- The UK government plans to implement a digital services tax in April 2020 in which US tech giants will pay 2% on the revenue they make from UK users.
- This is radical because it’s the first time the UK has targeted the US tech firms, which are often accused of not paying enough tax.
- The tech giants have paid a small amount of corporation tax on profits they report in the UK, not on revenue.
- Britain expects the new tax to raise up to £400 million ($US510 million) a year starting in 2020.
- UK officials haven’t outlined exactly how the tax would work.
The UK government on Monday announced a drastic change to the way Silicon Valley tech giants such as Facebook, Amazon, and Google would be taxed in the UK.
Chancellor Philip Hammond said the UK would tax 2% of the revenue that tech giants make from UK users, estimating that the measure could raise up to £400 million ($US510 million) a year for the nation’s coffers starting in 2020.
The so-called digital services tax is a radical move: It’s the first time the UK has targeted the US tech giants and the low amount of tax they pay in the UK.
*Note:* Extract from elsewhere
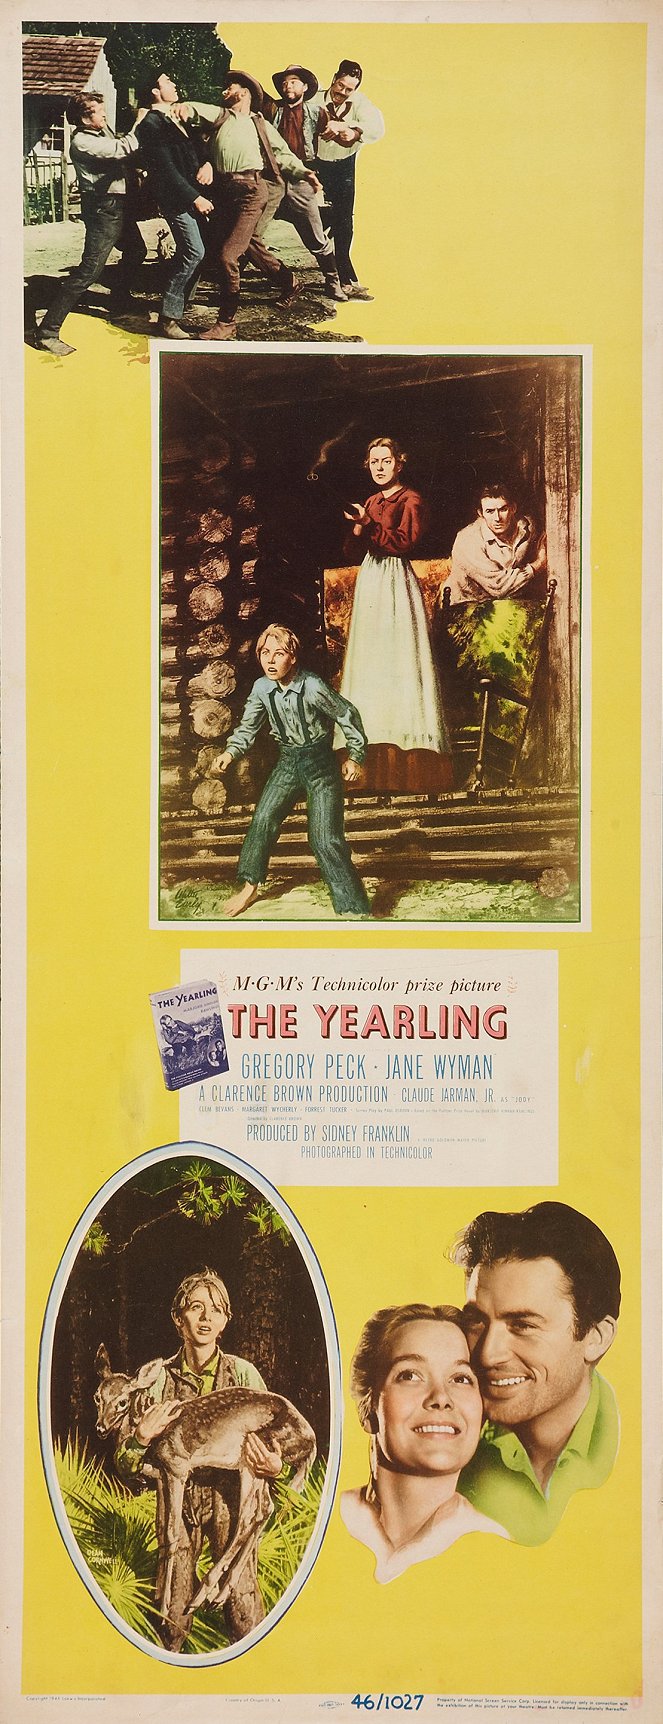 The Yearling - Posters

Most major US tech firms have a complex tax setup that involves routing their sales through a subsidiary in a country with lower taxes, such as Ireland. Their UK subsidiaries report revenue based on services provided to the parent company, resulting in drastically lower revenue and profit, and, therefore, corporation tax.
“The digital platforms delivering search engines, social media, and online marketplaces have changed our lives, mostly for the better,” Hammond said in his budget statement in Parliament on Monday.
“But they also pose a real challenge for the sustainability and fairness of our tax system. The rules have not kept pace with changing business models, and it is clearly not sustainable or fair that digital platform businesses can generate substantial value in the UK without paying tax.”
The tax, Hammond added, was aimed squarely at big US tech firms and could also affect Uber and Airbnb. He said the UK would avoid entrapping smaller startups by targeting only profitable companies generating at least £500 million in global revenue.
British chancellor: ‘We cannot simply talk forever’
Hammond did not go into further detail about how the digital services tax would work, but he said the government planned to open a consultation before implementing it in April 2020.
It puts Britain a step ahead of the US and the EU on taxing big tech firms. The UK government said that it was committed to ongoing talks among the G20 and the Organisation for Economic Cooperation and Development to reform the way the firms are taxed, and that it would apply the digital services tax only until an “appropriate long-term solution is in place.”
“New global agreement is the best long-term solution, but progress is painfully slow,” Hammond said. “We cannot simply talk forever.”
Hammond also joked that he expected to hear from Facebook’s new communications chief, Nick Clegg, a former deputy prime minister and Liberal Democrat leader who is one week into his new job.
“I am looking forward to my call from the former leader of the Liberal Democrats,” Hammond quipped.
TechUK, the British lobbying group that counts Facebook, Amazon, and Google among its members, said it opposed the tax.
“The kind of tax being proposed will be bad for investment and bad for the UK economy,” CEO Julian David said, adding that the UK breaking away from the EU and the OECD to introduce a national tax was “the wrong idea.”
“This is an international tax issue that needs an internationally agreed solution,” he said, adding, “It would be bizarre if the UK were to implement a new tax just as real and substantive international action is being reached.”